[Bucholz and the Detectives by Allan Pinkerton]@TWC D-Link bookBucholz and the Detectives CHAPTER XIX 2/6
The evidence of the forgery was unmistakable, and the agent of the company detecting it, at once had the man arrested. These two arrests were almost coincident; their hearing at the preliminary examination took place at the same session of the court, and as each of them waived a hearing and were unable to procure bail, they were both consigned to the jail to await their trial at the next sitting of the general court. As a general thing there seems to be a sort of community of interest or fraternity of feeling existing between prisoners during their confinement.
At certain hours in the day, in many places of imprisonment, the authorities permit the prisoners to leave their cells and to take exercise in the corridors.
At such times they mingle together indiscriminately and indulge in general conversation, and many interesting episodes could be gathered from their recitals of the various scenes through which they have passed during their vicarious life, and the experiences thus related would tend to prove, beyond question, that the imagination of the romancer falls far short of the actual realities of life. Many wild and seemingly extravagant stories are related, which fill the listener with incredulity, but which, upon inquiry, are usually found to be but truthful relations of actual occurrences. But in this jail at Bridgeport there was one person, who, upon finding himself a prisoner, held himself aloof from the rest, declining to make any acquaintances or to engender any friendships, and this person was the quiet-looking man who had been arrested by the express company, and whose name was ascertained to be Edward Sommers.
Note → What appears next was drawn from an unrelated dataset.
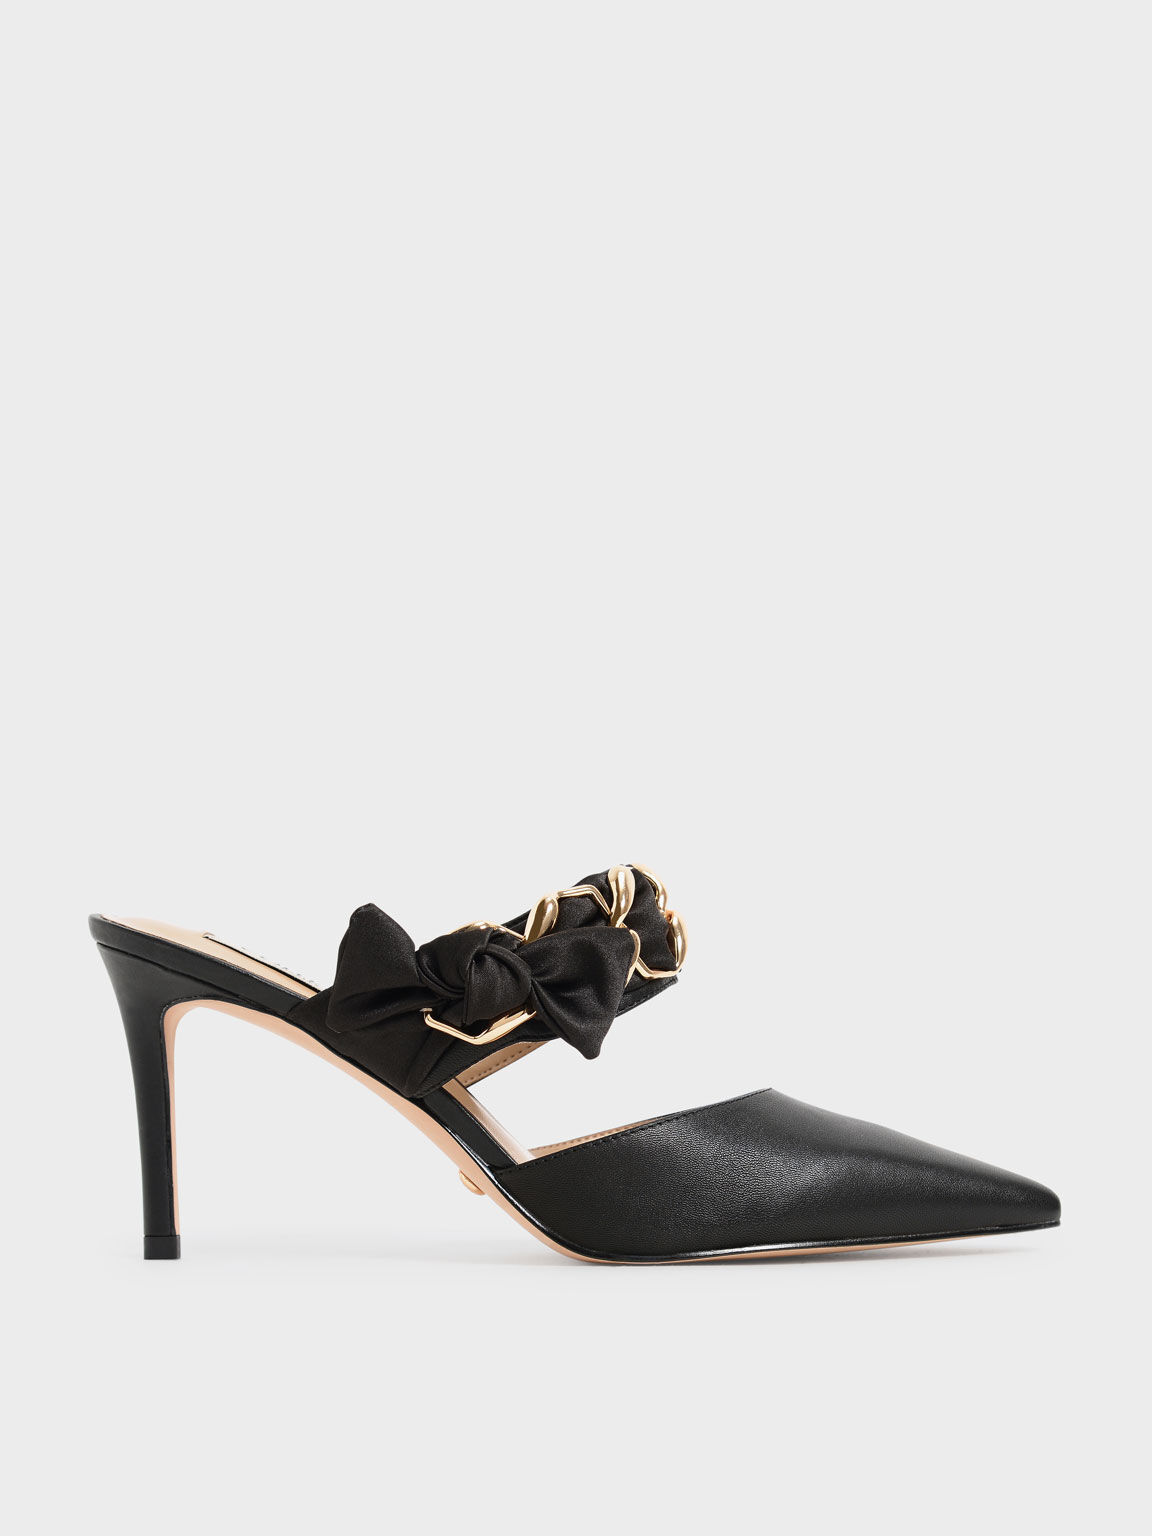 Satin Bow Leather Mules, Black, hi-res

He studiously avoided his fellow-prisoners and maintained a degree of reserve which repelled their advances and at once induced their respect. Thomas Brown, the black-haired, false pretender, however, immediately placed himself on friendly terms with every one within reach, and his merry stories were fully appreciated by the residents of the correctional institution in which they found themselves thrown together. But how fared William Bucholz during the days that had intervened since his incarceration? His mind, it is true, had grown calmer since the first paroxysm of his grief had spent itself, and he had composed himself sufficiently to look the future hopefully in the face.
As day after day was passed in the seclusion of his cell, he had grown reconciled to a certain extent to the existing state of affairs, but he still looked forward anxiously to the day which was to deliver him from the enclosing walls that restrained him of his liberty. He was moody and silent, and his mind was much disturbed.